Alex Dragon (alex_dragon) wrote,
Alex Dragon
alex_dragon

Category:

Прыжок в ничто

Прыжок в ничто

Грядёт самый большой социальный кризис и самое грандиозное изменение общественного устройства за всю историю человечества. Заря мировой революции уже занимается над планетой. Лопаются банки, паникуют биржи, раззоряются корпорации, кончают самоубийством миллионеры, заходятся и сшибаются в судорогах милитаристской агонии доживающие свой последний час диктатуры. «Сливки» капиталистического «общества» лихорадит от тревожных предчувствий. «Бежать, бежать, куда угодно, где можно отсидеться, а может быть и начать всё с начала», — мечется загнанным зверем мысль в головах банкиров, фабрикантов, аристократов. Но куда? Земля оказывается слишком тесной, «уважаемым людям» нет больше места на ней. «А другого глобуса у вас нет?» Абсурд? Отнюдь. «Их есть у меня», — скажет деловой человек. Ведь «умный человек и на берегах Темзы может найти золотые россыпи». Если есть спрос — значит будет и предложение. Умный человек и сам убежит, и на других беглецах заработает. Акционерное общество «Ноев ковчег» нанимает всемирно известного конструктора ракет профессора Цандера — большого учёного и пацифиста, только что бежавшего из Германии после предложения военного ведомства, от которого нельзя отказаться, для постройки космического корабля, который вывезет акционеров с Земли в пучины неба. Там, вдали от потрясений, они переждут злые времена и вернувшись, когда бунтующая чернь будет раздавлена, займут подобающие их положению места. Как, во всяком случае, мнится акционерам.
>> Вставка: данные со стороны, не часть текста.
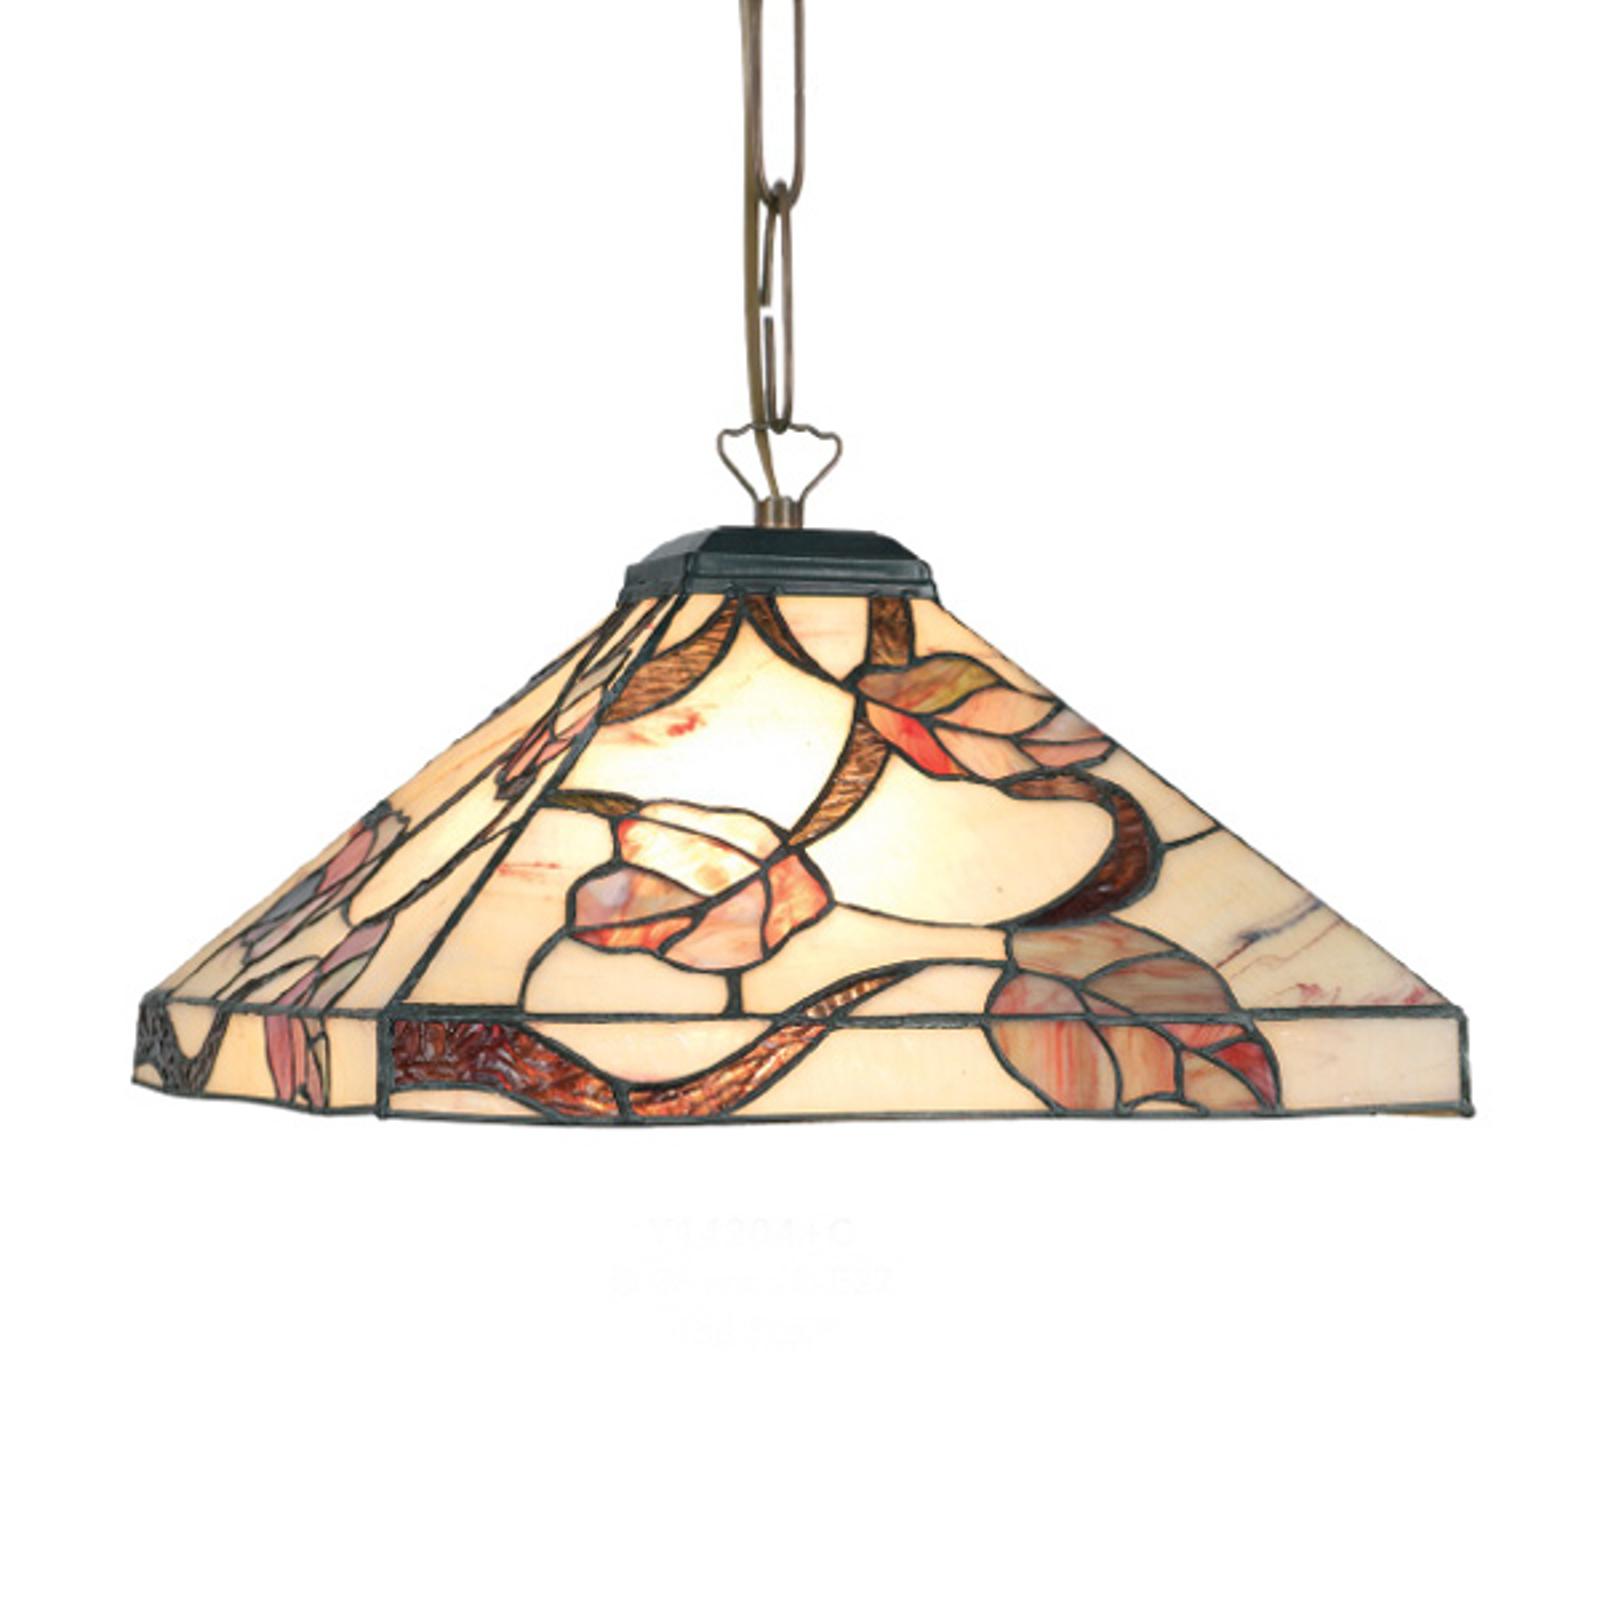 Appolonia lámpara colgante estilo Tiffany

Так начинается фантастический роман Александра Беляева «Прыжок в ничто».



* * *

Остроумный и интересный роман на стыке жанров: в нём есть элементы и приключенческой фантастики, и политической сатиры, и научно-популярного произведения в духе поучительных книг Жюль Верна, и социально-утопического романа.
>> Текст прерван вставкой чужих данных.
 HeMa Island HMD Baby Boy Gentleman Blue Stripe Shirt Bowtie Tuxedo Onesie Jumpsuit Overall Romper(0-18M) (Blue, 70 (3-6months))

Долгое время роман воспринимался в первую очередь именно как популяризирующий космонавтику — тогда ещё только грядущую — и астрономию на уровне научных представлений своего времени. В предисловии ко второму изданию (1935) К. Э. Циолковский характеризует именно эту грань произведения. Однако прошло более трёх четвертей века со времени

выхода романа в свет. Многие научные данные устарели, техника в каких-то своих направлениях далеко шагнула за пределы даже самых смелых фантазий прошлого, в каких-то пошла иными путями, а в чём-то так и не сумела приблизиться к ним.

Другая сторона — критическое, хлёсткое описание нравов крупной буржуазии и событий в предверии мировой революции и образования «Мирового союза республик» — современным читателем, да и, пожалуй, прежним — воспринимается как необходимый формальный антураж.

Хотя понимание этой формы разное. Для советского читателя, а 30-х годов в особенности, оптимизм в отношении неизбежности коммунистических преобразований в планетном масштабе, возникновения общества исжитой алчности, жадности и неизбежного из них угнетения, подлинной справедливости, всечеловеческого братства, великих свершений и преобразований, неограниченного могущества человека-творца, был данностью.

О будущем невозможно было писать иначе — как невозможно иначе записать очевидное равенство «2+2=4». Как невозможно представить пальмовую рощу в естественных условиях где-нибудь под Мурманском. Как невозможно капитану, твёрдо ведущему по курсу свой корабль откуда-нибудь из Одессы в Ялту, с того ни с сего вдруг оказаться где-то в окрестностях Караганды. Вполне очевидно, что его рассказ о путешествии содержал бы подробности плавания по черноморским линиям — и никаким другим.

Изображение же капиталистов — тоже вполне ожидаемо: а как ещё можно изобразить людей, которые избрали своей жизненной целью удовлетворение своего эгоизма и вытекающих из этого прочих потребностей любой ценой? Таким образом в восприятии читателя эта составляющая как бы выносится за скобки как константа. Остаётся занимательность сюжета и напряжённость действия.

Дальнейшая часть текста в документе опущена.